Problem: In the entries below, find the line with "Prompt : Afro, Magical and Eye Shadow" and print exactly every line from there up to and including the line with "#portrait #magical #portraitdrawing", with no other lines.

Task inputs:
^^^^
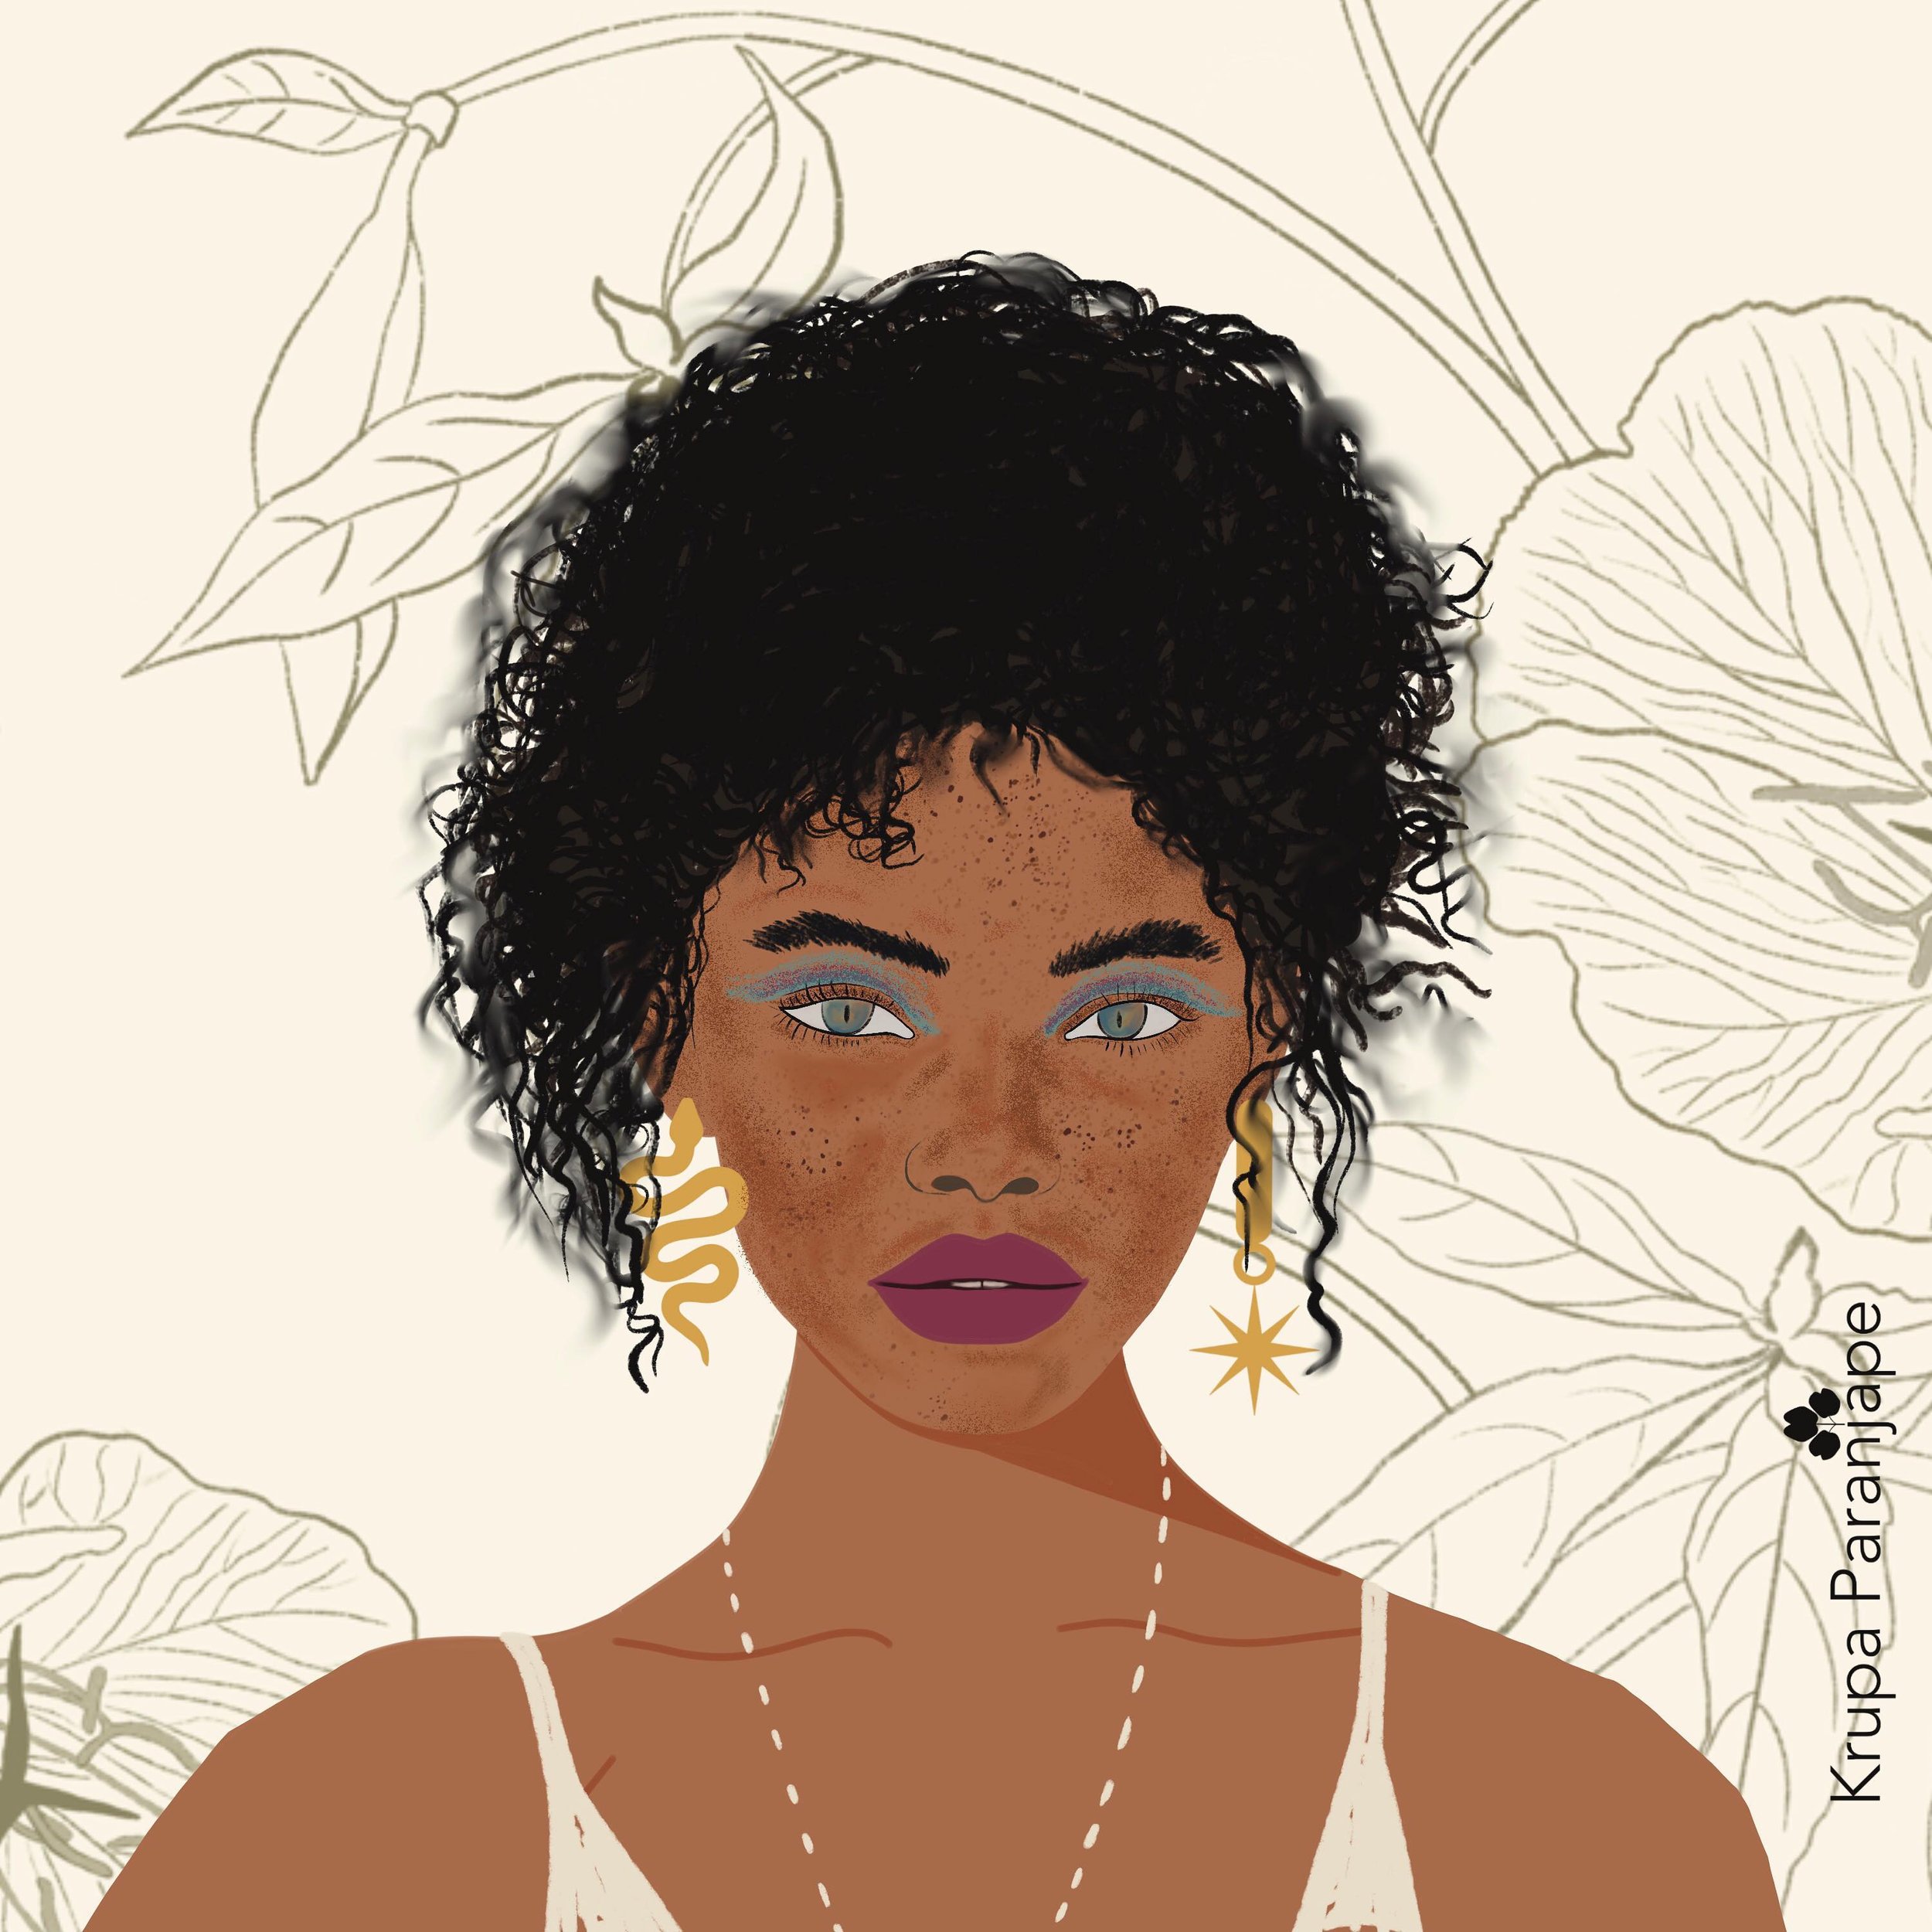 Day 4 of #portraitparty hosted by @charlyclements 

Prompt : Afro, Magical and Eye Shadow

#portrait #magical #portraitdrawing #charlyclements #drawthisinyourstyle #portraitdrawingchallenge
^^^^
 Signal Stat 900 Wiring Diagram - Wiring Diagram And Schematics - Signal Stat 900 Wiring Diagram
^^^^
Response to the exercise:
Prompt : Afro, Magical and Eye Shadow

#portrait #magical #portraitdrawing #charlyclements #drawthisinyourstyle #portraitdrawingchallenge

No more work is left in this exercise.